Отступив от невзятого Новгорода, небольшое сплоченное войско направилось к сильным каменным стенам Путивля — городу предстояло стать ядром, центром средоточения Южной России, противовесом опальной Москве. Однако, не пройдя и польской мили, отряд вдруг повстречал такое же небольшое, но плотное войско. Полковник Дворжецкий уже приказал выкинуть флажки построения к бою, когда Корела, очами стенного орла впившись в дальних, высоко взбрасывающих копытца над снегом коней, вдруг забурлил, загикал по-тетеревиному, закрутил скакуном, хохоча: «Наконец! Государь, мои! Государь, в плети всех! Пешеходы, собаки турецкие!»
Донские сотни вели атаманы Иван Межаков и Посник Лунев. Они рассказали, что головной атаман Тихого Дона Смага Чертенский, человек осторожный и плавный, до зимы выжидал, чьи мечи перевесят, Бориса ли, Дмитрия, и, лишь услышав, что южные русские крепости одна за другой отворяются перед царевичем, сам рискнул отрядить в помощь молодцу часть войска.
Святки выдались теплые, ясные. Придорожные рощицы нарядил иней, всю Украину опоясали чудные санные шляхи, и вскоре Дмитрию встретилась куда более крупная рать. На сей раз сам царевич признал добрых давних знакомцев. Впереди шумного, пестрого рыцарства гарцевал на кровном аргамаке наездник в замотанном вокруг папахи изумрудном полотенце, собольей свитке и лазоревых, нарочно мазанных дегтем, шелковых шароварах.

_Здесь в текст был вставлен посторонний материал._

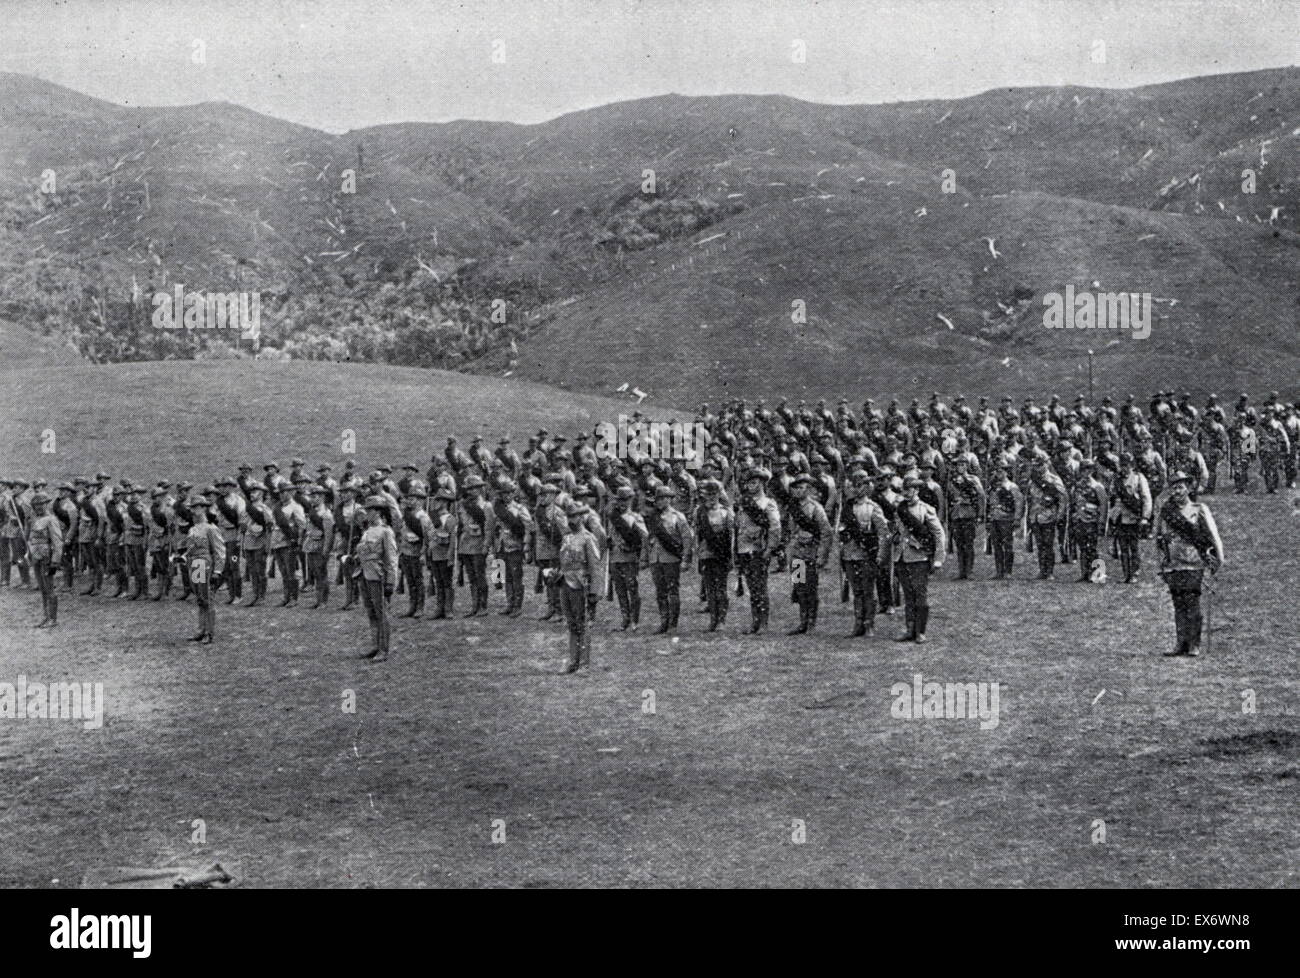 Männer des ersten Kontingents im Karori Trainingslager in Neuseeland vor dem Schlafengehen den Boer-Krieg in Soth Afrika 1899 teilzunehmen. Stockfoto

— Евангелик Герасим! — замахал Дмитрий наезднику.
— Ходили земли турецкие от нехристей чистить, — объяснил свою величественную чалму запорожец.
— От каких нехристей? От турок, что ли?
— Ну да, — не понял смеха Герасим, — а воротились в Сечь, кажуть нам: знатно воюешь! Так же он без нас, думаем, всю-то Москву подметет!
— И кошевой с вами?
— Дуже старый бобер осердився, — подмигнул казак. — «Не пущу вместе з ляхами за короленка вмирати и полно!» С Годуновым, мол, Сичь заключила союз. А мы кажем: «Що ты, батьку, сдурнел — во вси щели на остров ползут таки скверни — то мир, то союз! Погулять пойти, право же, страшно!» Зараз мы ноги, руки ему повязалы, бросили с острова во тьму внешнюю, — Евангелик, по обычаю, сбился на тему Писания (Отрепьев так понял, что кошевого пустили по волнам Днепра), — и там был плач великий и скрежет зубов. Нехай плавает, бисов союзник. Ибо много званых, а мало избранных.
С запорожцами и донцами войско Отрепьева снова приобрело вид внушительный. Забыв мысль об отходе к Путивлю, войско двинулось на Москву.
С ликованием встреченный в комарицкой волости, Дмитрий вступил в Севск. Зажиточные, но сильно взволнованные последними поборами Бориса в пользу неурожайных уездов, комаричи усаживали промерзших, но веселых вояк к своим жарким печам, угощали тончайшими блинчиками с крестьянским маслом.
— Пусть покушают, — говорили комаричи Дмитрию, — жиры воинству необходимы, но как примешь наследные царства, награди, смотри, нашу губу.
— Обелю лет на десять от дани, — обещал государь, добавляя, что участь всех царств в их руках.
Тогда мужички гуртом начали записываться в «Митриево ополчение», не доверяя дело такой справедливой гражданской войны дворянам и казакам. Ветеранам повелено было приучать новых воинов мало-помалу к оружию.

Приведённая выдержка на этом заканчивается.